Amendement de la loi électorale : vers un retour de la dictature ?

C’est le flou total qui règne au sujet de la proposition d’amendement de la loi électorale. La tension avait atteint son paroxysme jeudi 13 juin 2019 à l’Assemblée des Représentants du Peuple (ARP), alors que les députés tentaient de trouver un consensus. Le quorum n’a pas été atteint, du moins, durant le vote car les députés étaient bel et bien présents.
Qu’en est-il de la proposition d’amendement qui interdit la candidature des propriétaires d’associations et qui viserait, particulièrement, Abir Moussi, présidente du Parti Destourien Libre, Nabil Karoui, propriétaire controversé de Nessma TV, et 3ich Tounsi ? Le député au sein du bloc Al-Horra de Machrou3 Tounes, Hsouna Nasfi, a assuré ce vendredi 14 juin 2019 qu’un tel texte n’existait pas, du moins pas officiellement. « Nous n’avons rien vu de tel en plénière. Aucune partie officielle n’a présenté de tels amendements. Je ne peux parler d’une quelconque proposition d’amendement tant qu’elle ne vient pas du gouvernement », a-t-il déclaré à Réalités Online.

Confusion et hésitation
Pourtant, des documents ont circulé concernant ces amendements. Ces documents, selon le député, n’ont rien d’officiel. « Ce sont des choses que j’ai vues pour la première fois », a-t-il ajouté. La seule proposition d’amendement qui a été évoquée en plénière, selon Hsouna Nasfi, porte sur le seuil des voix obtenus lors des élections permettant d’obtenir les financements de l’Etat pour la campagne électorale. « Nous avons déposé cette proposition il y a plusieurs mois, afin de ramener ce seuil à 3% au lieu de 5% dans l’objectif de ne pas exclure les petits partis », a-t-il expliqué.
D’autre part, le député a affirmé qu’aucun article n’était tombé hier en plénière, mais uniquement des propositions d’amendements. Quant à une éventuelle nouvelle plénière en vue de l’examen de la loi électorale, aucune date n’a encore été fixée. Il faudra, sans doute, attendre la prochaine réunion du bureau de l’ARP qui tranchera.

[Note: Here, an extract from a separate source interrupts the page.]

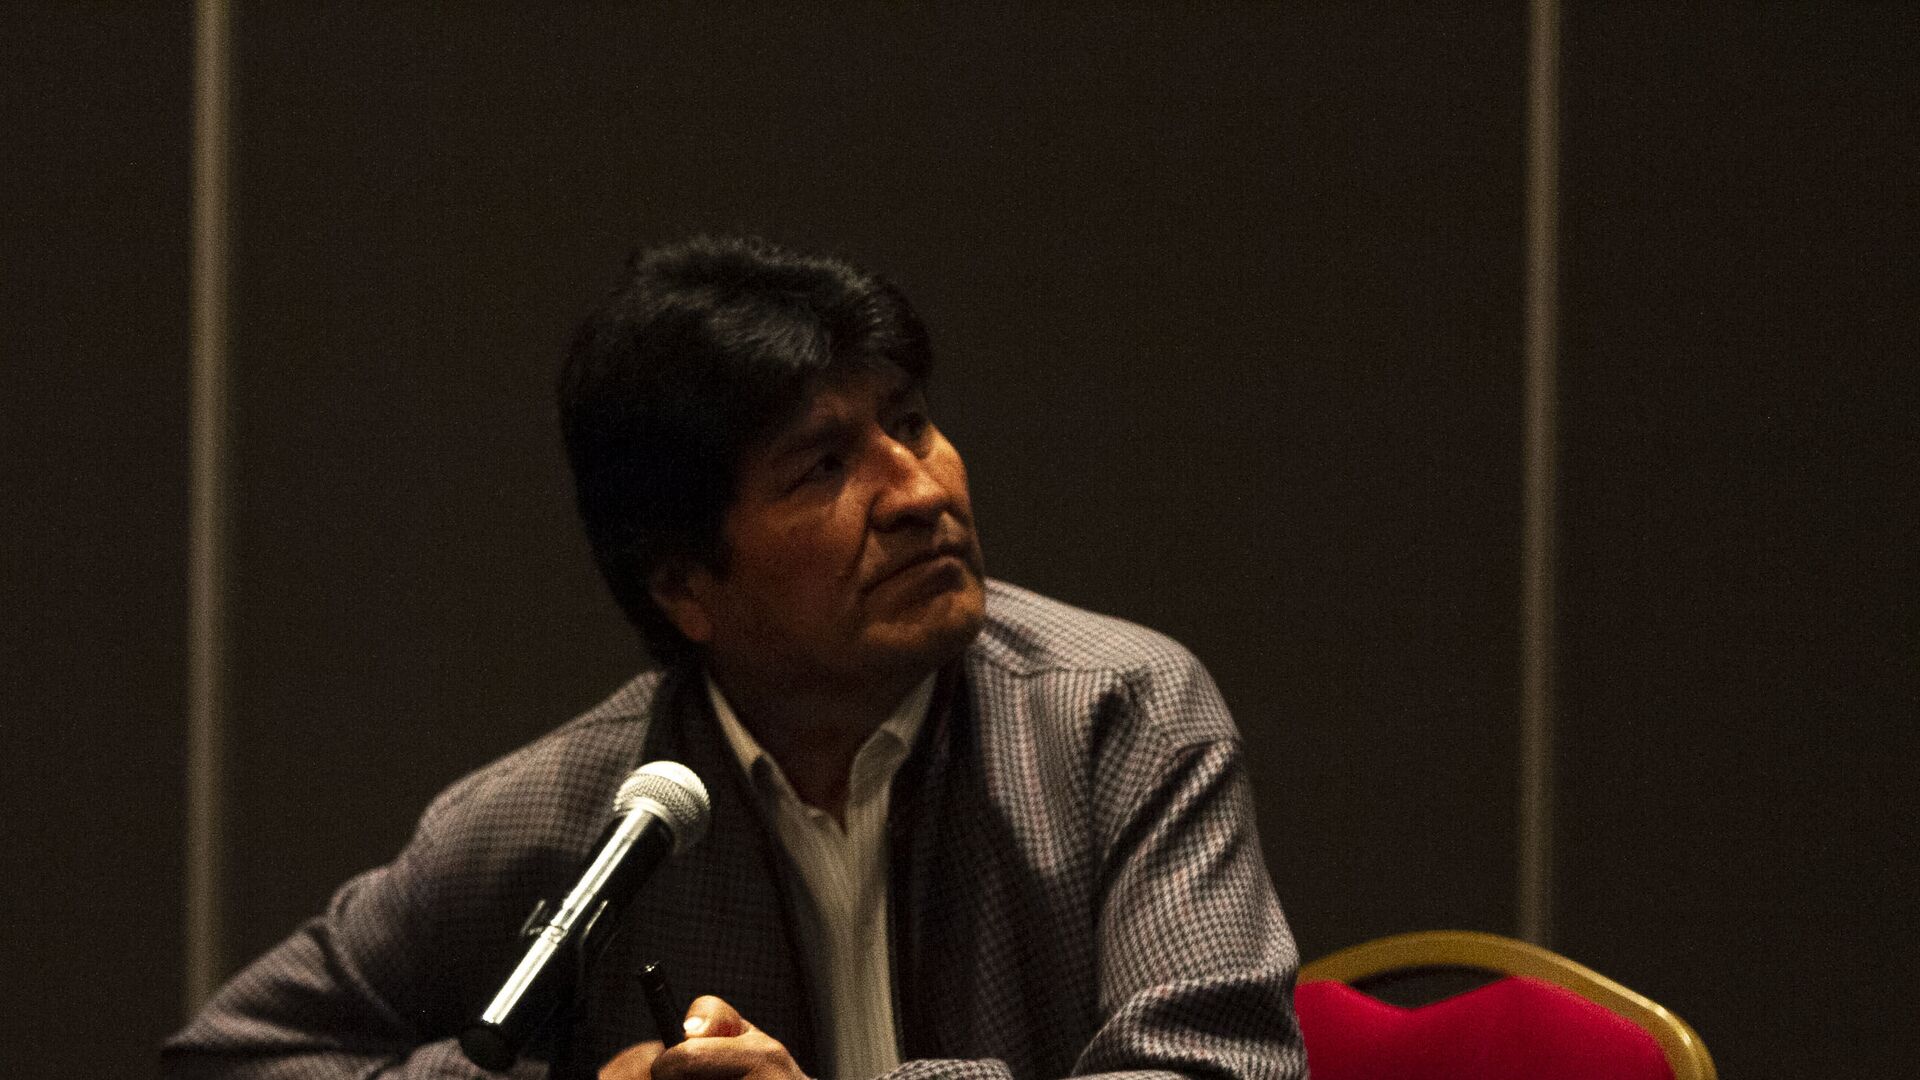 Evo Morales ofrece una rueda de prensa en la Ciudad de México, el 20 de noviembre de 2019 - Sputnik Mundo, 1920, 14.07.2021
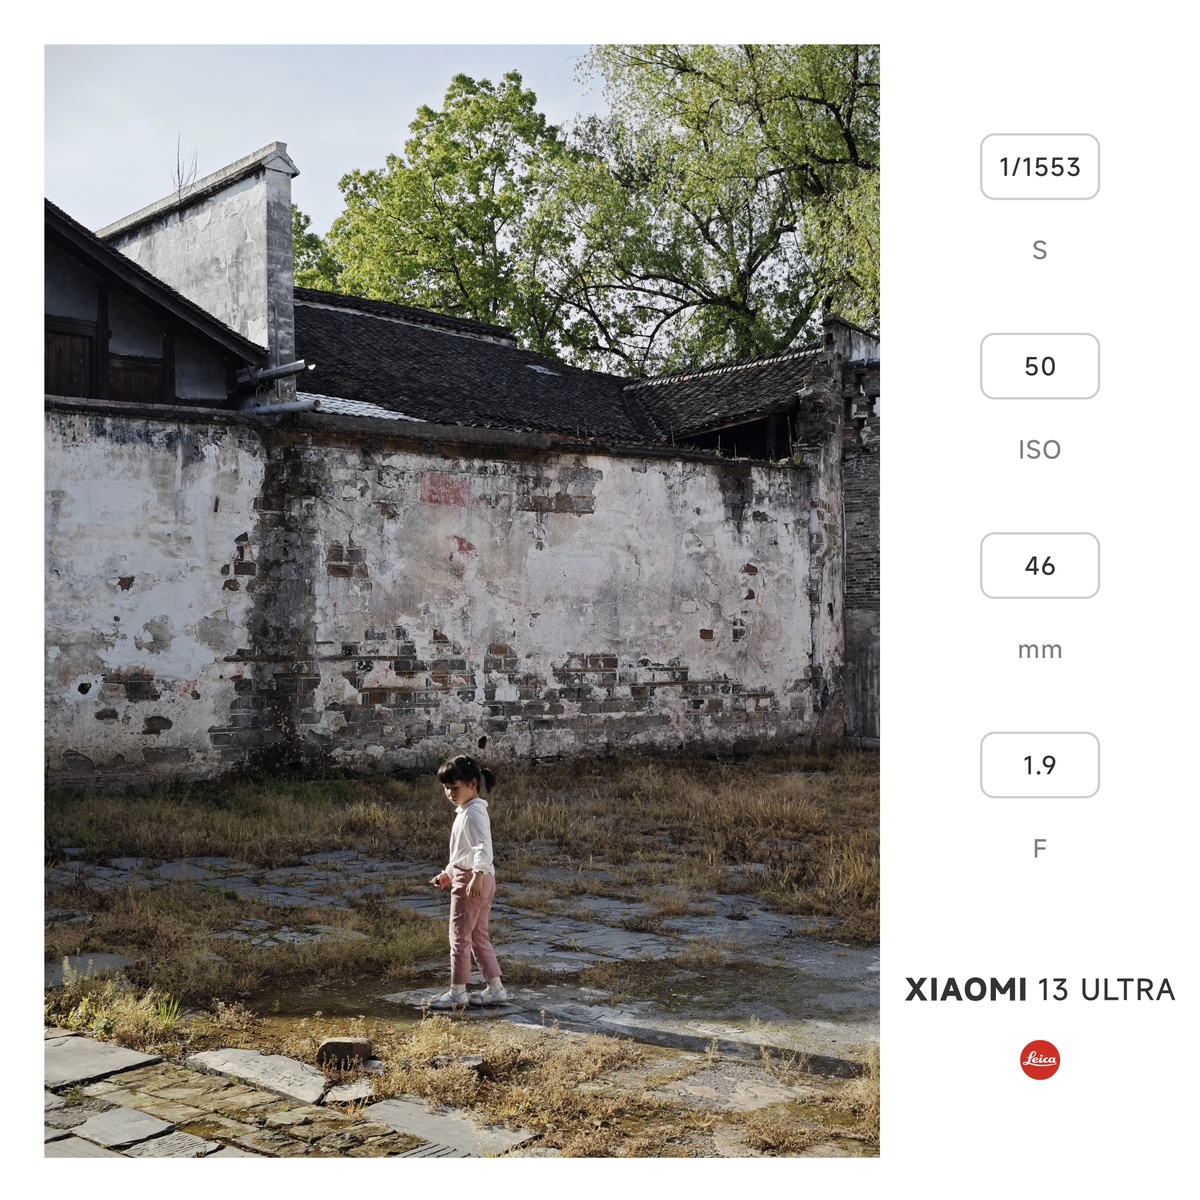 一个小女孩站在一个水坑旁边 旁边有一堵墙 墙里面有人玩。

Les députés se contredisent
Il est difficile de prendre au sérieux les affirmations du député, sachant que les amendements relatifs à l’exclusion de certains profils des élections existent bel et bien. D’ailleurs, Mohamed Ben Salem, député d’Ennahdha, a confirmé – peut-être involontairement – l’existence du texte. « Partout dans le monde, il est interdit de faire l’apologie du terrorisme, des terroristes, des régimes dictatoriaux et de la torture. Le projet de loi se trouve au bureau de l’ARP depuis 18 mois et les nouvelles propositions ont été formulées depuis quelques mois et avant même les derniers sondages d’opinions [de Sigma Conseil] », a-t-il déclaré dans La Matinale de Shems FM ce vendredi 14 juin 2019.
Qu’est-ce qui explique une telle hésitation chez les députés ? L’amendement controversé existe bel et bien et s’il passe, il constituera un coup dur pour notre démocratie – sans tenir compte du profil de Nabil Karoui ou autre -. On ne peut empêcher quiconque de s’exprimer et de se porter candidat aux élections, à moins que nous nous trouvions, sans le savoir, dans un régime dictatorial. Le reste, pour tout ce qui concerne la régulation et la lutte contre les abus, nous aurons besoin d’une justice intransigeante et d’instances nationales fortes. Deux composantes que nous n’avons pas pour le moment.